A state lawmaker and a major advocacy group are pushing stiffer penalties for short-staffed nursing homes as a way to limit deadly sepsis infections and boost overall care.
“You would think that anytime you put your loved one in a nursing home, the care would be there, because it’s supposed to be regulated, but we find that’s not the case,” said state Sen. Jacqueline Collins, D-Chicago, who introduced reform legislation this week.
Collins and AARP Illinois are supporting the legislation partly in response to the findings of an investigation published in September by Kaiser Health News and the Chicago Tribune. The investigation found that about 6,000 Illinois nursing home patients a year who were hospitalized had sepsis, with roughly 1 in 5 dying.
Sepsis is a bloodstream infection that can develop in bedridden patients with pneumonia, urinary tract infections and other conditions, such as pressure sores. Regulators and patient advocates blame much of the problem on low staffing to monitor everything from falls to bedsores and infections that can develop into sepsis, putting a patient’s life in danger.
The investigation found staffing levels for nurses and aides in Illinois nursing homes were among the lowest in the country. In the six-county Chicago area, 78 percent of the facilities’ staffing levels fell below the national average.
There is little agreement on how many caregivers should be employed by nursing homes, nor any federal regulations setting a rate per-resident. A recommendation from a 2001 federal study suggested 4.1 hours of total nursing time per resident.
Illinois, like most states, has a lower legal standard: requiring at least 2.5 hours of direct care daily for residents. Yet, the joint KHN Tribune investigation found that at least a fourth of Chicago-area nursing home residents live in facilities that aren’t consistently providing that much care.

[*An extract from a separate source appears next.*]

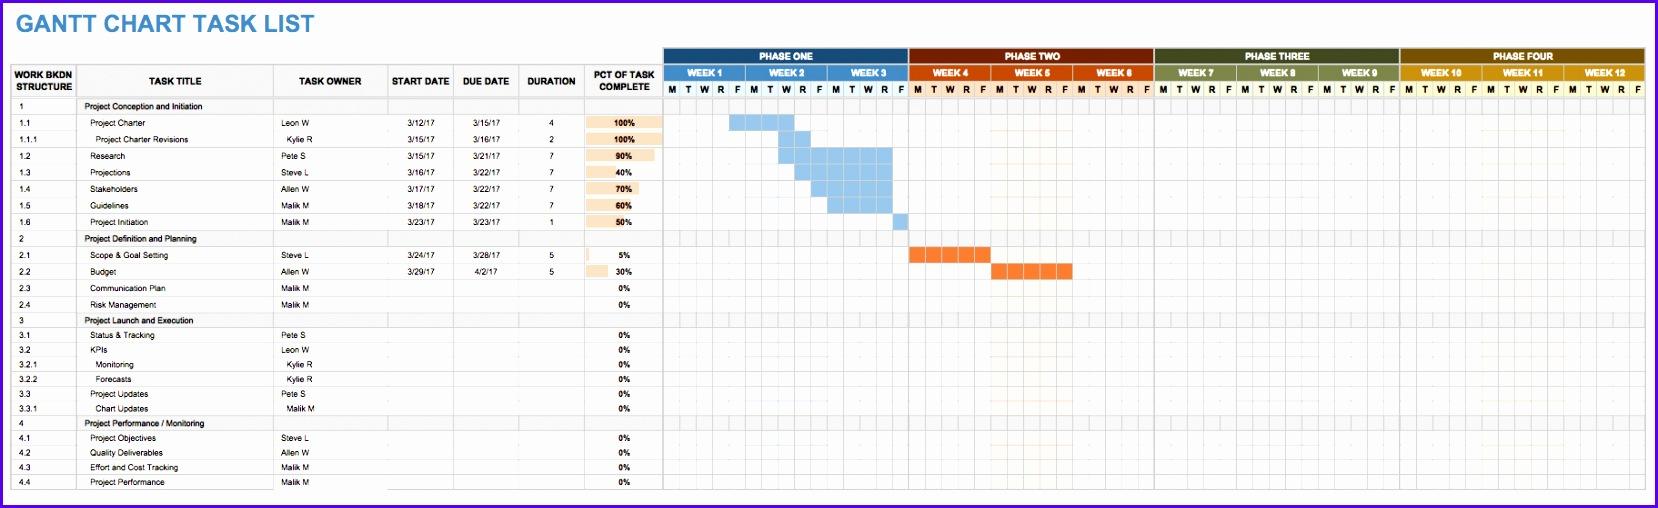 Gantt Chart Task List 1658508

Collins’ bill wouldn’t change that standard. But it would require state regulators to obtain detailed Medicaid payroll data submitted by each facility, along with each facility’s own data, and then calculate each quarter if the homes met that standard. It is similar to how the KHN Tribune investigation studied staffing.
Those homes that failed would be fined at least twice the money saved by not staffing properly. Plus those homes would have to post at all doorways a notice alerting the public that, in the previous quarter, the homes had failed to provide proper staffing.
The bill also would make it harder for homes to administer psychotropic medicine to residents without their consent or that of their families. Collins said she believes the issues are connected, with understaffed homes turning to these powerful drugs to sedate residents instead of properly caring for them.
AARP Illinois’ associate state director, Lori Hendren, told the Tribune that her group has increasingly received complaints across the state of horror stories of people struggling with inadequate care in understaffed homes.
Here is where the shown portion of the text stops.